*EXERCISE DESCRIPTION:* An exact copy is needed of the lines in the entries below from the line with "2021 A Day of" up to and including the line with "mature female authority", and of nothing else. Leave the pictures out.

*EXERCISE MATERIALS:*
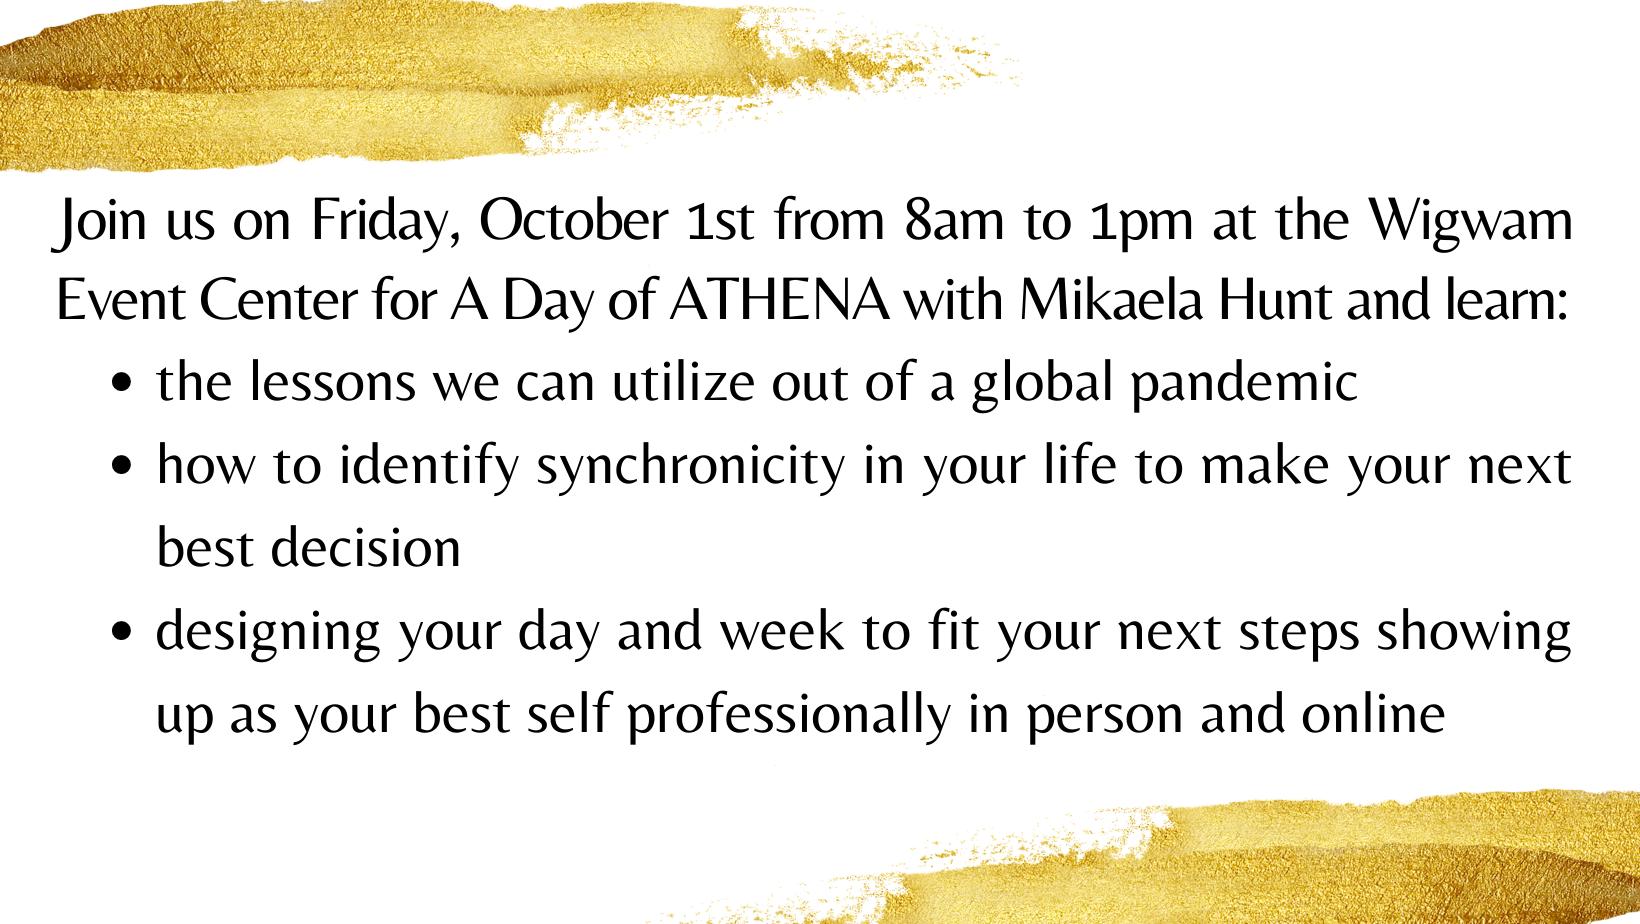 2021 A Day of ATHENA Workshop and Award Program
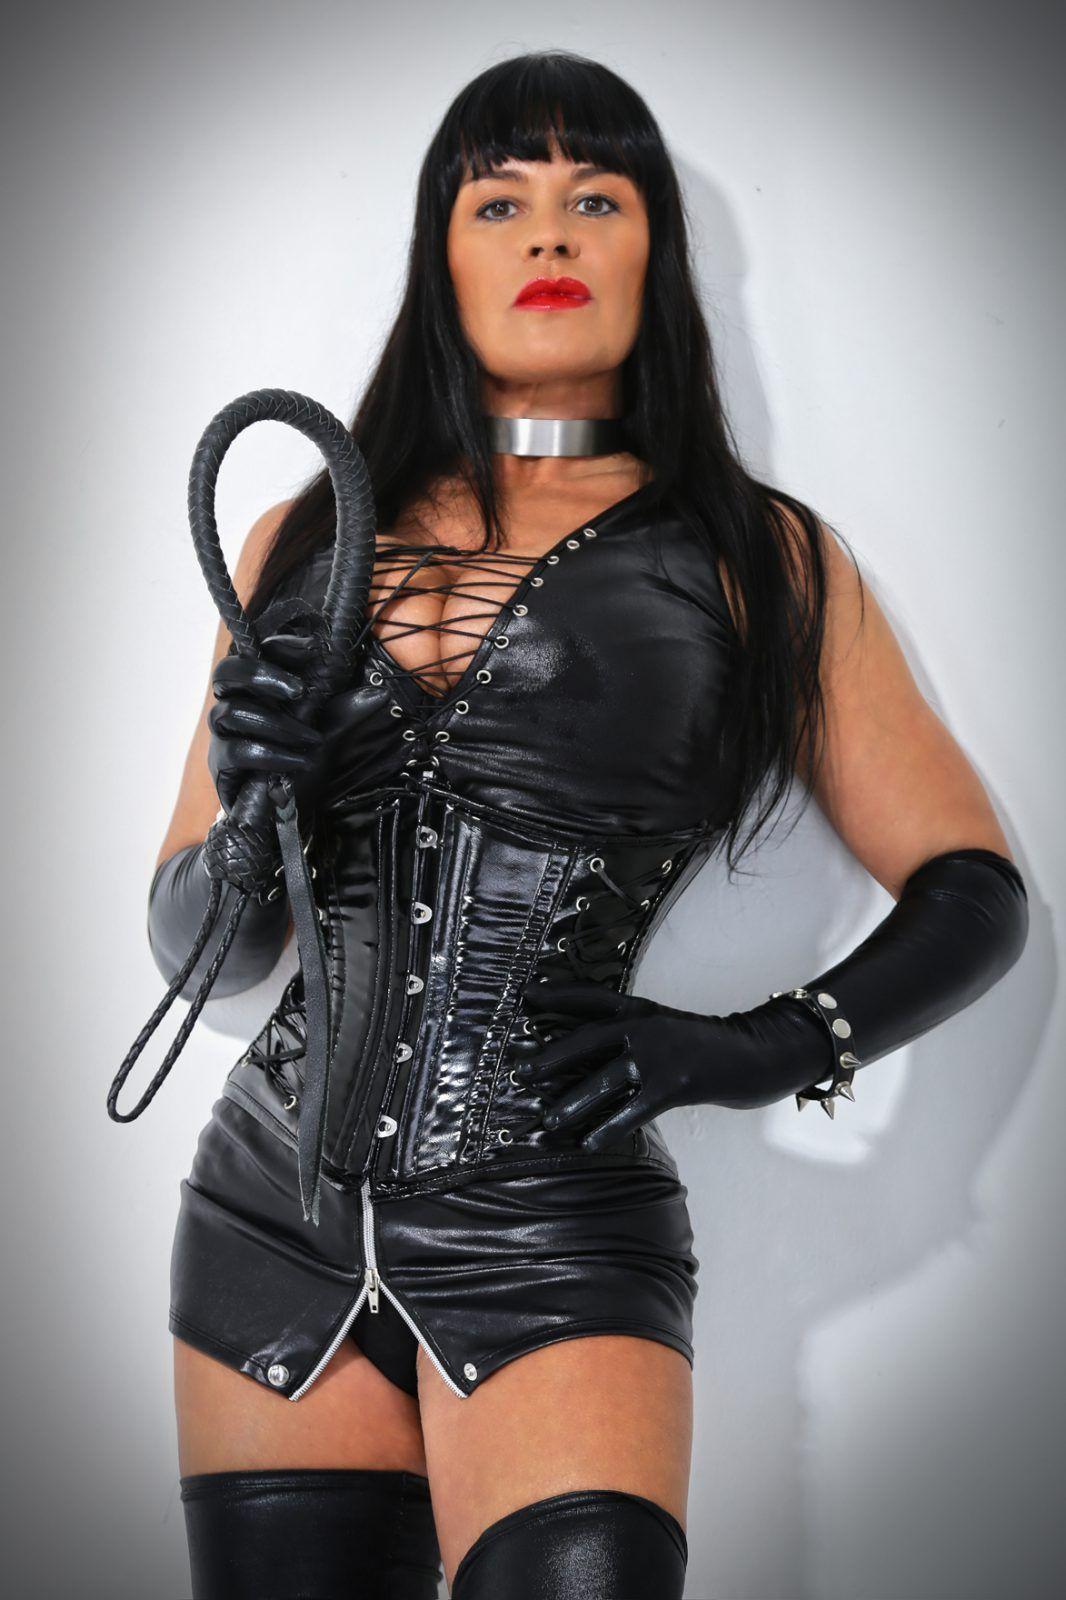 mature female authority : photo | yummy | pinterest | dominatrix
--
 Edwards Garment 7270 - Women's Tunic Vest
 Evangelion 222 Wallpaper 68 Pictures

*RESULT:*
 2021 A Day of ATHENA Workshop and Award Program
 mature female authority : photo | yummy | pinterest | dominatrix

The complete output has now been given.